### EXERCISE
For the records below, print the lines from the line with "Why don't vegans eat shrimp?" through the line with "Vintage Japanese Workwear" exactly as written; include both end lines and exclude the rest.

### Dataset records
-.-.-

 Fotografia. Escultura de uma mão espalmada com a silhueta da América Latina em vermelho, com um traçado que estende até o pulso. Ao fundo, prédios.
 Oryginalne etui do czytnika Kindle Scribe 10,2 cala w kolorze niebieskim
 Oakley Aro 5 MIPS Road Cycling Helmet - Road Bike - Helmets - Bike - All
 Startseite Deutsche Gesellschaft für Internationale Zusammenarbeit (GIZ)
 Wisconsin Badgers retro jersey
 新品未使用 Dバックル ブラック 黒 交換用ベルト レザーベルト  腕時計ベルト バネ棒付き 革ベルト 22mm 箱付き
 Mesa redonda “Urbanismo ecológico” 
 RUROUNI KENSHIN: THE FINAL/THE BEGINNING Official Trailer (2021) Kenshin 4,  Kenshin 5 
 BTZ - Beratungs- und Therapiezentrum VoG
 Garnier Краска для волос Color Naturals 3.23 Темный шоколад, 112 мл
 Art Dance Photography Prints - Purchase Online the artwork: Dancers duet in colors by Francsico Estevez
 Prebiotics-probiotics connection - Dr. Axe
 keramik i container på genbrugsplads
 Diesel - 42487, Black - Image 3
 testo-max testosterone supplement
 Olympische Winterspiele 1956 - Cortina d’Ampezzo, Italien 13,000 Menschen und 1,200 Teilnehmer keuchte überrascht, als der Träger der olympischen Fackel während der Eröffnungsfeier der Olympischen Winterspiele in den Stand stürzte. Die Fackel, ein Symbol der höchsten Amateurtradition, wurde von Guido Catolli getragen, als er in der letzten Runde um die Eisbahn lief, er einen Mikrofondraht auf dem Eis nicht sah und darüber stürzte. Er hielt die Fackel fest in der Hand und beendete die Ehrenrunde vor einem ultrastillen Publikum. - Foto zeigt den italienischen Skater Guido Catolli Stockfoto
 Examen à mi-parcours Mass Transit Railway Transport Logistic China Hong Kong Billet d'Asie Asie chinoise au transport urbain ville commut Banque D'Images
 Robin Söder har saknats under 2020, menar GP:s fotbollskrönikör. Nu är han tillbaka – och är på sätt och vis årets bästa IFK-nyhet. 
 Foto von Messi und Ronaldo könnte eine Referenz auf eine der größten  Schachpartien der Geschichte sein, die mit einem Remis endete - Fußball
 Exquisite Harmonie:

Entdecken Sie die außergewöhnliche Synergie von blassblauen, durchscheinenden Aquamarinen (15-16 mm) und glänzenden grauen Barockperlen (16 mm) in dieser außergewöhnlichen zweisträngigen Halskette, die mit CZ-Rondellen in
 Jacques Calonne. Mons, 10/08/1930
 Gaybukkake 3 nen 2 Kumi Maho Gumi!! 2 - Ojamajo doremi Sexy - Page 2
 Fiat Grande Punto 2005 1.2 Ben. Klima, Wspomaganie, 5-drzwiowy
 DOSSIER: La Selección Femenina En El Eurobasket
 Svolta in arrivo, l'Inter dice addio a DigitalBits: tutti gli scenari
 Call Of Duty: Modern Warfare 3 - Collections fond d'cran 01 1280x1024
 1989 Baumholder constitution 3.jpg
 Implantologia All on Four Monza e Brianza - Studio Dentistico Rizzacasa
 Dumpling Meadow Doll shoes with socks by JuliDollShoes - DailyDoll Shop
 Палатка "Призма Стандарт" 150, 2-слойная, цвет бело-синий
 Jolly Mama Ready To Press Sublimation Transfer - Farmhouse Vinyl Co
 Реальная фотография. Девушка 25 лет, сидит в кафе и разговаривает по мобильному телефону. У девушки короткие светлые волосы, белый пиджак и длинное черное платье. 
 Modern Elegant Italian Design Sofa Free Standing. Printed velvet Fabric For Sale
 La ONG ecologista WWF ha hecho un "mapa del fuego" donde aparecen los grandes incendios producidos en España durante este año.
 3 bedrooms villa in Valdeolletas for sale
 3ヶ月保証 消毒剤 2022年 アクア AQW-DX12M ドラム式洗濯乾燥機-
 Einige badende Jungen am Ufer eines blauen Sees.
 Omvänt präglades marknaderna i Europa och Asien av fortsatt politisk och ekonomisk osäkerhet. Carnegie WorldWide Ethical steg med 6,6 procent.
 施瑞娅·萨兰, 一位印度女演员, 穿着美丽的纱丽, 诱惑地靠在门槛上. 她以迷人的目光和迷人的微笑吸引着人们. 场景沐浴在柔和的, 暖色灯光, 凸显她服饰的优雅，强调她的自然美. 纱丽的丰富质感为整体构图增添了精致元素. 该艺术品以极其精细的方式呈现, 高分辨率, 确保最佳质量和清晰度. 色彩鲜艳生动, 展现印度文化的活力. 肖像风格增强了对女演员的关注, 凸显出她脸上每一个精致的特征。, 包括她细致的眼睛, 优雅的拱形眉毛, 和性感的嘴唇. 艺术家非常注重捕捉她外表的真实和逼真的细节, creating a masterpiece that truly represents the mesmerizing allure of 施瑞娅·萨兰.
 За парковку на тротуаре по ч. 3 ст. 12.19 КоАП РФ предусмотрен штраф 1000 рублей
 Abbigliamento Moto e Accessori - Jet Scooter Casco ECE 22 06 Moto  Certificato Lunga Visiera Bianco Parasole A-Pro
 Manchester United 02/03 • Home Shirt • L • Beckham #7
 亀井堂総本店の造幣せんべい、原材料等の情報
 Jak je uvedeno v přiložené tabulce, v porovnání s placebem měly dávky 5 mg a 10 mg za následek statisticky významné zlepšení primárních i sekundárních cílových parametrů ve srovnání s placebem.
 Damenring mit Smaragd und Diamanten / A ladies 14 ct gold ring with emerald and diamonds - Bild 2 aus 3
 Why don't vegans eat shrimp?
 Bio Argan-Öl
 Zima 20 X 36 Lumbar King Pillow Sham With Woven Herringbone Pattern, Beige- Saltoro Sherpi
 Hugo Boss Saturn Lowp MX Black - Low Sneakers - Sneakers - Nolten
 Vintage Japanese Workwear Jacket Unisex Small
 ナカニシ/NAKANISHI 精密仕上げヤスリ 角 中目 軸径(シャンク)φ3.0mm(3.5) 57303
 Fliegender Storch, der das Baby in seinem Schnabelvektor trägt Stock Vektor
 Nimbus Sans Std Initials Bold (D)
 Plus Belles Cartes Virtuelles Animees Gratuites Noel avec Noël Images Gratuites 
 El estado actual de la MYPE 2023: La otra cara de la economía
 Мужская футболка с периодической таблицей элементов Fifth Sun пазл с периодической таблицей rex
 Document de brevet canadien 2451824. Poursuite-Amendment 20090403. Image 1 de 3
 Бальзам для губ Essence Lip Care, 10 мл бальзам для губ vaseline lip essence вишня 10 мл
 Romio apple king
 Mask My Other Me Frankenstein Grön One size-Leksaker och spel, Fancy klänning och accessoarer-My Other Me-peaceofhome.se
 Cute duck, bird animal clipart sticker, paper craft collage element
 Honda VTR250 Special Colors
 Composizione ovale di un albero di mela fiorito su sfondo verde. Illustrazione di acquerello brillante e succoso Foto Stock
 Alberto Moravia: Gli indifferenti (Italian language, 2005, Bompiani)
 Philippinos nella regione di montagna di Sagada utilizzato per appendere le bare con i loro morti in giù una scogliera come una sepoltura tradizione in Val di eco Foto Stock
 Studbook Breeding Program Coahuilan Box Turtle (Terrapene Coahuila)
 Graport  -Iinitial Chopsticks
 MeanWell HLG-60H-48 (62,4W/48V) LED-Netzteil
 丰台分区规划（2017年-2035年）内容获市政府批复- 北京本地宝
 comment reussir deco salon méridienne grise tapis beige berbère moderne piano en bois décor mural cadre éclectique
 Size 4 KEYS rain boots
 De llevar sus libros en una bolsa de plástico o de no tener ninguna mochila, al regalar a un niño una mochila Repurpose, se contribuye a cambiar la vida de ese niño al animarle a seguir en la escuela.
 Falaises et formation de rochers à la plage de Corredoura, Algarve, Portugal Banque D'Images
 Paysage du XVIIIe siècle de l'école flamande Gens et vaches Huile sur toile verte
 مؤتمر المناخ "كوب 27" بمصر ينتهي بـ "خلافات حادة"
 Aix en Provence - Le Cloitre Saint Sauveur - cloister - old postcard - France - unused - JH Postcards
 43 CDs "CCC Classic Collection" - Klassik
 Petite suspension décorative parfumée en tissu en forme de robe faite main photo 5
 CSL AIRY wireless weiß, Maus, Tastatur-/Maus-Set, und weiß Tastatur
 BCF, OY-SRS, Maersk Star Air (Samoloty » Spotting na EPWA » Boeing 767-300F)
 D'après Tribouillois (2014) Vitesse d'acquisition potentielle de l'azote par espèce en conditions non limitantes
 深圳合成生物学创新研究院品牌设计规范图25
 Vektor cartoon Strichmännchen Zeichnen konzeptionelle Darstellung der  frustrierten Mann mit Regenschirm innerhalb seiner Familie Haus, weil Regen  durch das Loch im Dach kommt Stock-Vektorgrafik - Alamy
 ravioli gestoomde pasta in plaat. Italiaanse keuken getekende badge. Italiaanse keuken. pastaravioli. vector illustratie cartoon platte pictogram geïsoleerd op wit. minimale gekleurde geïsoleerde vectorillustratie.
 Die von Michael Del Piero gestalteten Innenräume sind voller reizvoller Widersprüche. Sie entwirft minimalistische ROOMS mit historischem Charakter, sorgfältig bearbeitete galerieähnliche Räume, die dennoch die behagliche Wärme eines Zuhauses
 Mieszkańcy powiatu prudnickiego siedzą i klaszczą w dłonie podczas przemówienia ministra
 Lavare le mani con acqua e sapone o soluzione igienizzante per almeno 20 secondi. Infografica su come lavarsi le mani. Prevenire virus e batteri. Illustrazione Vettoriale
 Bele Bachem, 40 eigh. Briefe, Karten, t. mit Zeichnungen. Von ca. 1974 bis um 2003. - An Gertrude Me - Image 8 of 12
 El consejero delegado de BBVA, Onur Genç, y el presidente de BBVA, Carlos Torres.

-.-.-

### SOLUTION TO THIS EXERCISE
 Why don't vegans eat shrimp?
 Bio Argan-Öl
 Zima 20 X 36 Lumbar King Pillow Sham With Woven Herringbone Pattern, Beige- Saltoro Sherpi
 Hugo Boss Saturn Lowp MX Black - Low Sneakers - Sneakers - Nolten
 Vintage Japanese Workwear Jacket Unisex Small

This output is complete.